The AEPD has imposed a sanction on Google LLC for transferring personal data to third parties unlawfully and for hindering the exercise of the right to erasure

  • Without a valid legal basis, Google LLC communicated information of requests made by users to the Lumen Project organization, including the identification of the citizen, his/her email, the reasons given, and the URL claimed
  • The Agency found two serious infringements of data protection rules and imposed a fine of EUR 10 million
Logo AEPD

(18 May 2022). The Spanish Data Protection Agency (AEPD) has issued a decision on the administrative procedure initiated against Google LLC declaring the existence of two very serious infringements of data protection rules and has imposed a penalty of ten million euros on the firm for transferring data to third parties without legal base to do so and for hindering citizens’ right to erasure (Articles 6 and 17 of the General Data Protection Regulation).

Google LLC acted as controller of the analysed processing, which was conducted in the US. In the case of disclosure of data to third parties, the AEPD has found that Google LLC sent information of requests made to it by citizens, including their identification, e-mail address, the reasons given, and the URL claimed to the Lumen Project.

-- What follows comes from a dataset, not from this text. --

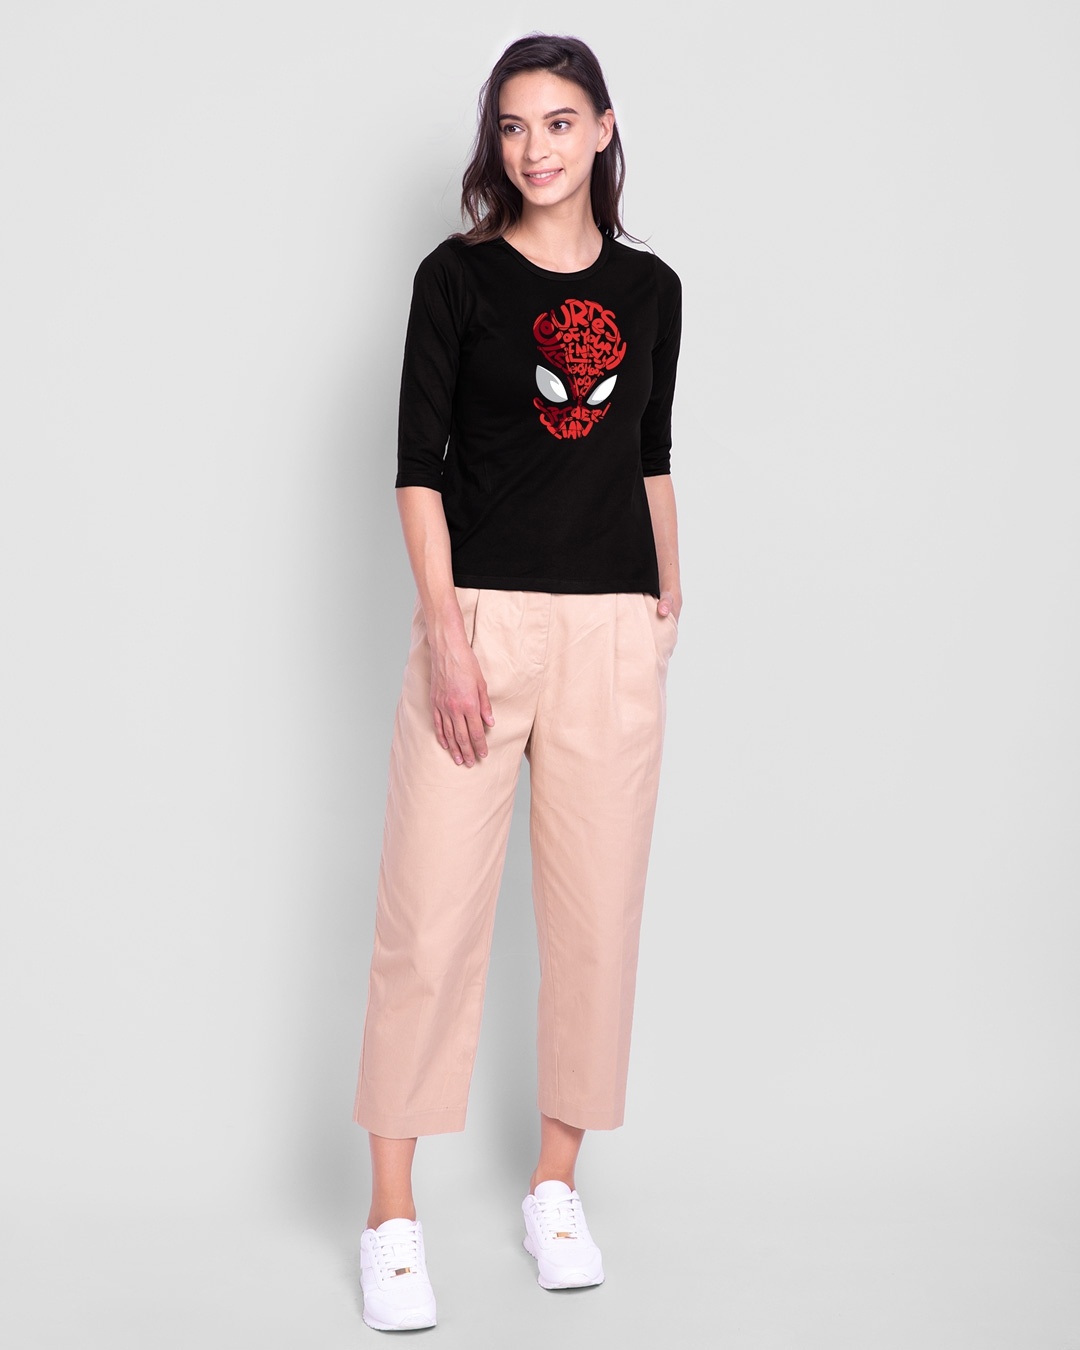 Shop Spiderman Face Round Neck 3/4th Sleeve T-Shirt (AVL) Black-Design

The task of this project is to collect and make available requests for the removal of content, and the Agency therefore considers that, since all the information contained in the citizen’s request is sent for inclusion in another publicly accessible database and for dissemination via a website, “the purpose of exercising the right of erasure results in practice frustrated”.

The decision states that this communication of data by Google LLC to the Lumen Project is imposed on the user who intends to use Google forms, without the option of objecting to it and, therefore, without a valid consent for such communication to be made. Establishing such a condition for the exercise of the right to erasure granted to data subjects is in breach of the General Data Protection Regulation by generating “an additional processing of the data contained in the request for erasure when communicating them to a third party”. Furthermore, in the privacy policy of Google LLC, no mention is made of this processing of personal data of users, nor does communication to Project Lumen appear among the purposes.

To this is added that, submitted the request for the removal of content and the deletion of the personal data having been exercised, “there is no legal grounds for a further processing such as the communication that Google LLC makes to the Lumen Project”.

As regards the exercise of citizens’ rights, the AEPD states in its decision that “it is difficult to infer whether the request is made on the basis of the rules on the protection of personal data, simply because these rules are not mentioned in any of the forms, irrespective of the reason the data subject chooses from the proposed options, except on the form entitled 'Withdrawal under EU Privacy Law', the only one available containing an express reference to these rules”.

The system designed by Google LLC, which leads the data subject through various pages to complete his/her application, forcing him previously to mark the options offered, “may cause the data subject to end up marking an option that suits the reasons it deems appropriate to his or her interest, but which departs him from its original intention, which may be clearly linked to the protection of his personal data, not knowing that these options place him in a different regulatory regime because Google LLC so wished or that his request will be decided in accordance with the internal policies established by this entity”. The Agency’s decision states that this system is equivalent to “leaving Google LLC’s decision as to when and when not GDPR applies, and this would mean accepting that this entity can circumvent the application of personal data protection rules and, more specifically, accept that the right to erase personal data is conditioned by the content removal system designed by the responsible entity”.

In addition to the financial penalty imposed in its decision, the Agency has also required Google LLC to put the communication of data to the Lumen Project, the procedures for the exercise of the right of erasure in relation to requests for the removal of content from its products and services, and the information it offers to its users, in line with data protection rules. Furthermore, Google LLC must delete all personal data that have been the subject of a request for the right of erasure communicated to Project Lumen, and it has the obligation to urge the latter to erase and cease the use of the personal data communicated to it.